LES MANŒUVRES DU RDR QUI FONT TREMBLER…
Quelques cadres du PDCI soupçonnent le RDR de vouloir modifier ou manipuler la liste électorale. Ainsi la question des Ivoiriens devant faire l’objet d’une naturalisation spéciale, la question des Ivoiriens à la nationalité suspecte ou douteuse (selon la vision des refondateurs), que le FPI avait mis sur la liste dite grise, feraient partie, selon des cadres du PDCI, des projets électoraux du RDR. A terme, cela permettrait de gonfler la liste électorale d’au moins deux à trois millions de nouveaux électeurs si on inscrit les nouveaux majeurs. Selon les informations livrées, avec une telle liste, des radicaux du RDR inciteraient le président Ouattara à la rupture avec le PDCI et le président Bédié, puisque pour eux, avec une telle estimation électorale, le RDR n’a pas besoin d’alliance avec le vieux parti pour remporter la présidentielle à venir dès le premier tour. Les échos d’une telle manœuvre prêtée au RDR sont décrits avec une vive colère et tant de ressentiment par les cadres du PDCI au parfum de ce qui se trame. Leur colère fait ressortir encore les réflexes «ivoiritaires» et les pousse à se demander s’il ne faut pas envisager une alliance sérieuse avec le FPI, pour empêcher ce qu’ils qualifient de tentative pouvant encore mettre le feu aux poudres.

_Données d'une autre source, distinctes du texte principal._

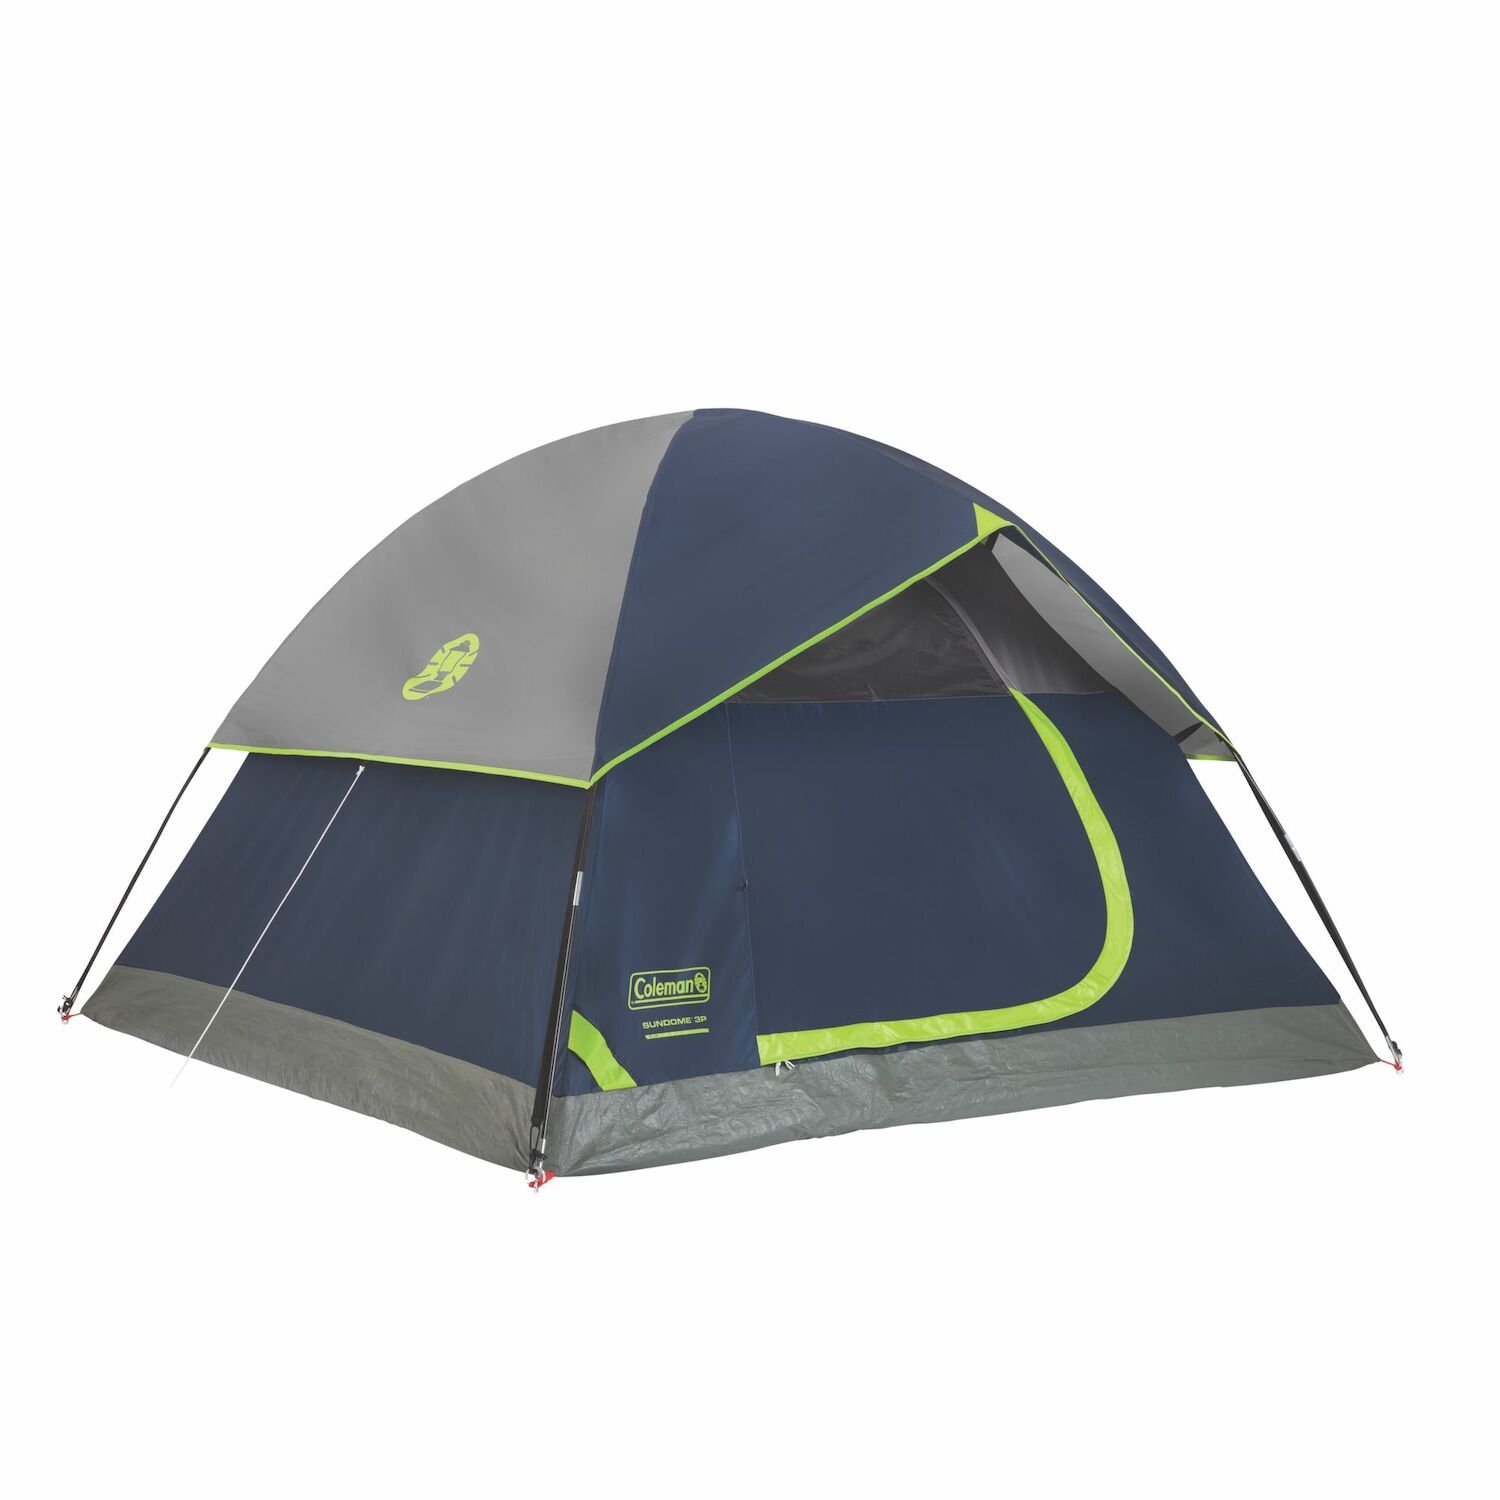 Sundome 3-Person Dome Tent

La seule préoccupation du FPI et des partisans de Laurent Gbagbo, à défaut de revenir au pouvoir eux-mêmes en 2015, est d’empêcher par tous les moyens, et au prix de n’importe quelle alliance, la réélection du président Alassane Ouattara. Ils rappellent cette phrase de 2000 selon laquelle même si un mouton était candidat RDR à Kong, il serait élu. Pour eux, peu importe l’individu candidat, si celui-ci peut aider à battre Alassane Ouattara, le FPI le votera. Toutefois les partisans de Laurent Gbagbo estiment que le meilleur moyen d’empêcher un second mandat du RDR et de Ouattara est de le contraindre à aller au second tour. Pour eux, même si le président sortant obtient 49,99 pour cent au 1er tour, le fait d’être contraint à un second tour va dégager des perspectives d’alternance que le PDCI ait un candidat ou non. Si le PDCI a un candidat, le FPI appellera à le voter pour battre Ouattara si le candidat du FPI est troisième. Si le PDCI n’a pas de candidat et que Ouattara n’a pas gagné dès le premier tout, cela voudra dire pour le FPI que le temps aura encore donné raison à Laurent Gbagbo, dont les revendications sur la libération seront, selon des cadres du parti, un des thèmes forts de la mobilisation anti-Ouattara en 2015. Un ponte du FPI donne le ton : » Laurent Gbagbo n’est pas un homme parfait. Il a tant de défauts. A côté du bien qu’il a pu faire à des gens, il a fait tant de mal aux autres. Nous avons chacun, des choses à lui reprocher. Nous avons, des griefs contre sa politique. Mais avec le sort qui lui est fait et le sort qui est fait aux autres détenus nous ayant conduit à la crise, le pouvoir rend Gbagbo martyr et à nouveau sympathique à nos yeux, au point que chacun garde dans son cœur ce que nous avons à reprocher à ceux qui ont dirigé le FPI ces dernières années ». Face à cette situation et aux perspectives, la position du PDCI sera déterminante. Le parti aura t-il un candidat?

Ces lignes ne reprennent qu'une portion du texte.